I called the number from the printout, and through the open front window I heard a tinny rendition of Israel Kamakawiwo’ole’s “N Dis Life.” As the phone rang, a baby began to cry.
No one answered the phone, and the baby inside continued to cry. “I think we have reason to believe that Alamea’s baby is inside this house and may be in danger,” I said. “We need to take whatever measures necessary to check it out.”
“I agree.” Ray grasped the top rail of the fence, testing it. Then he climbed up and over, dropping lightly into the front yard. I followed him, a little less gracefully.
I unholstered my gun. “If we’re right, the woman inside killed Alamea.”
Ray nodded, and pulled his gun out as well. I stepped up and rapped on the front door. “HPD. Open the door, please.”
There was no answer. All we heard was the baby continuing to cry.
I tried the handle. The door was locked. I nodded to Ray to go around the left side of the house, and I went right, toward the open window. I approached it carefully, peeking in from the side.
Through the screen I saw a baby in a crib in the middle of the room.
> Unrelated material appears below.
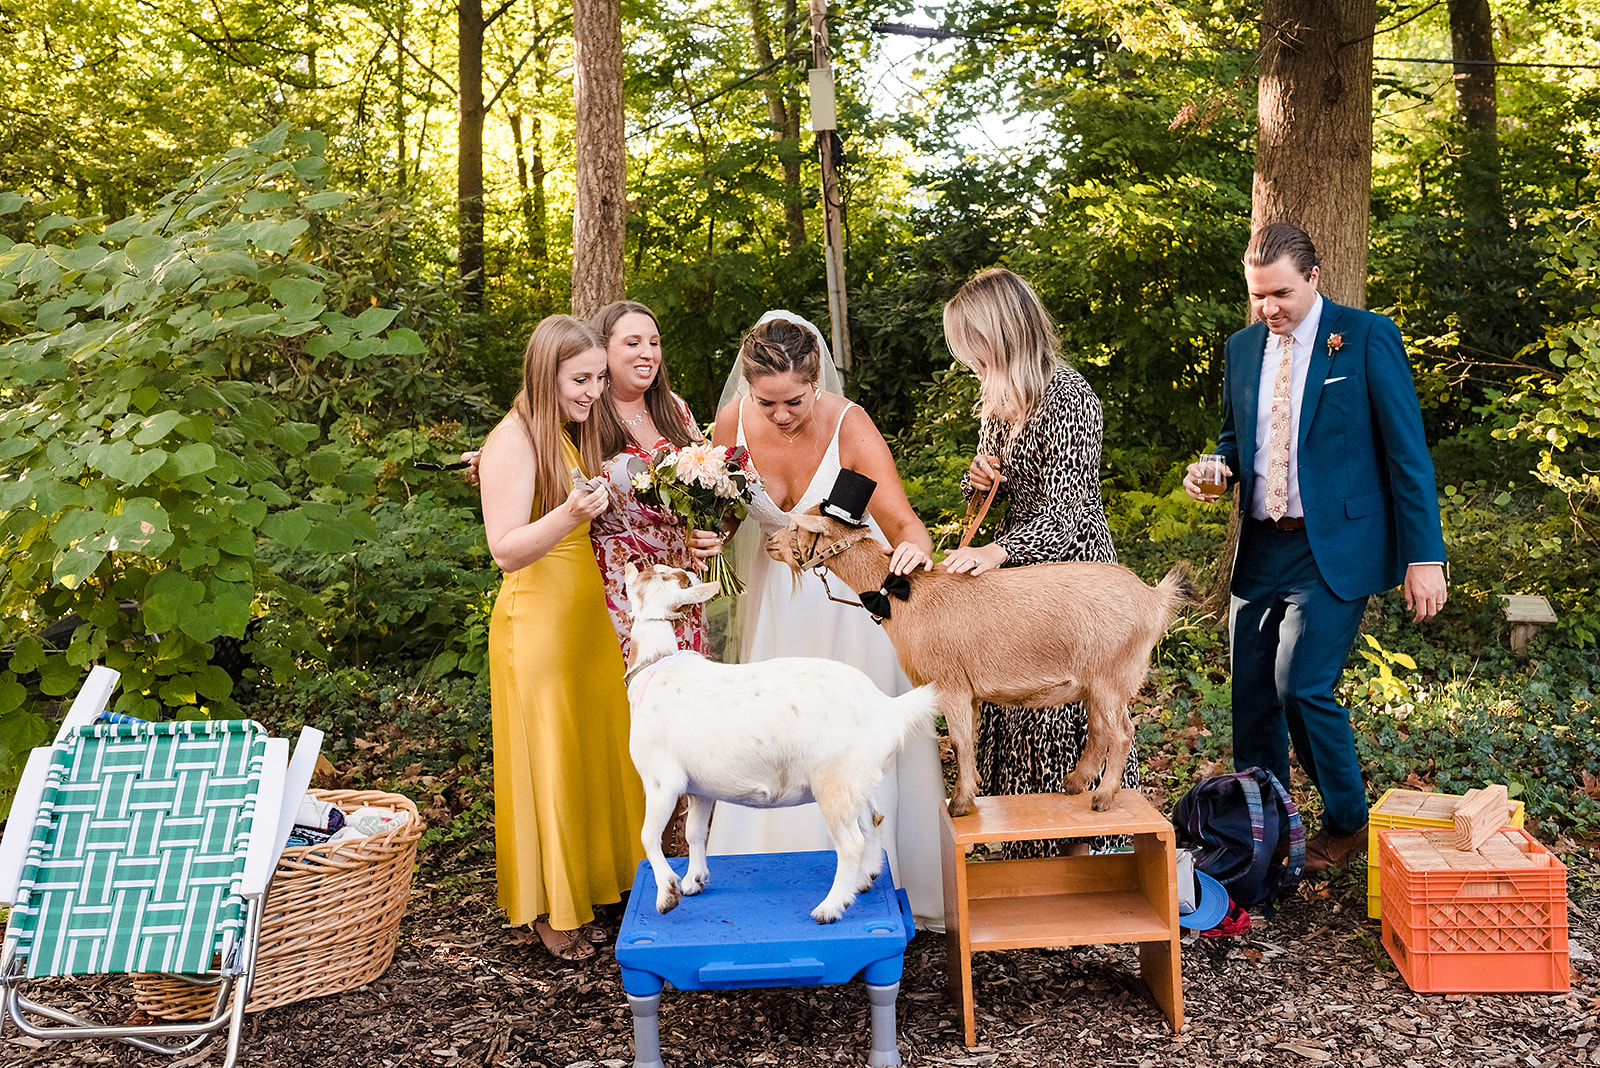 Awbury Arboretum wedding reception cocktail hour with goats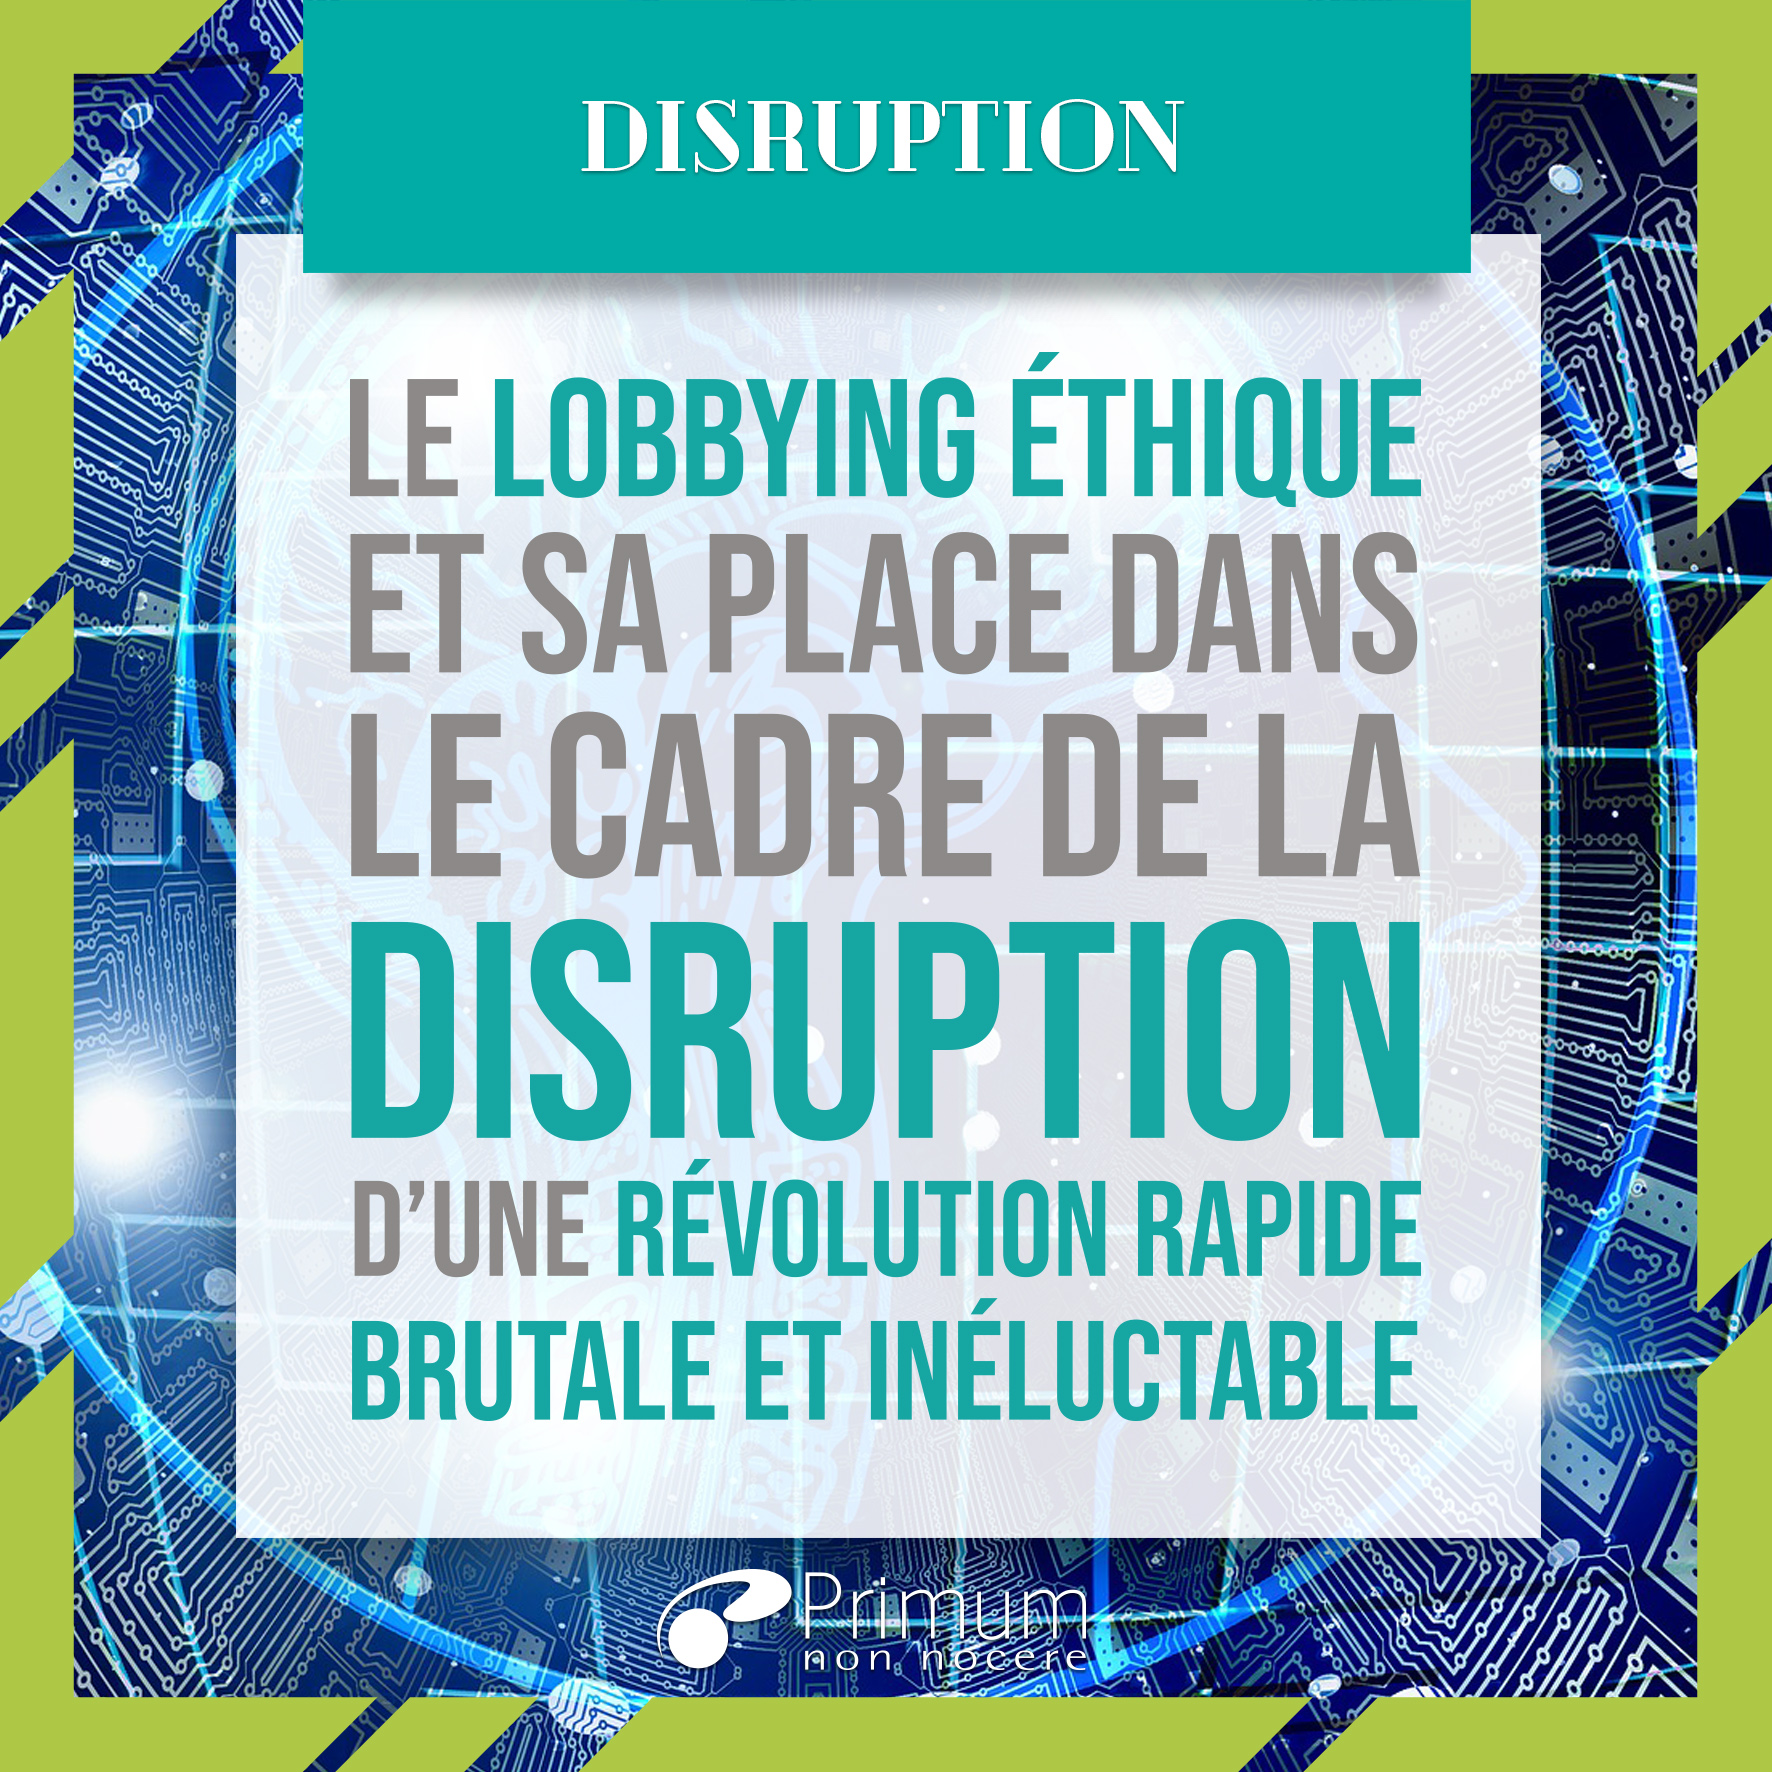 disruption et lobbying éthique

And on the floor, a young dark-haired woman sat with her legs out in front of her. She was crying, too, though more quietly than the baby. “Charlotte Montes?” I asked.
She nodded.
“Can you open the door, please?”
“He won’t stop crying,” she said. “No matter what I do.”
“We’ll help you,” I said gently. “If you can just get up and open the door.”
She took a deep breath and stood up. Without a backward look to the baby she walked out of the room, and a moment later she was opening the front door.
We both holstered our guns and followed her inside. The baby was still crying, and Ray walked over and picked him up from his crib. He began rocking the baby and cooing to him, and soon had him calmed down.
In the meantime, I sat down at the kitchen table across from Charlotte. Up close I could see she was a bit older than I had thought, probably late twenties or early thirties. “How did you know Alamea Kekuahona?” I asked.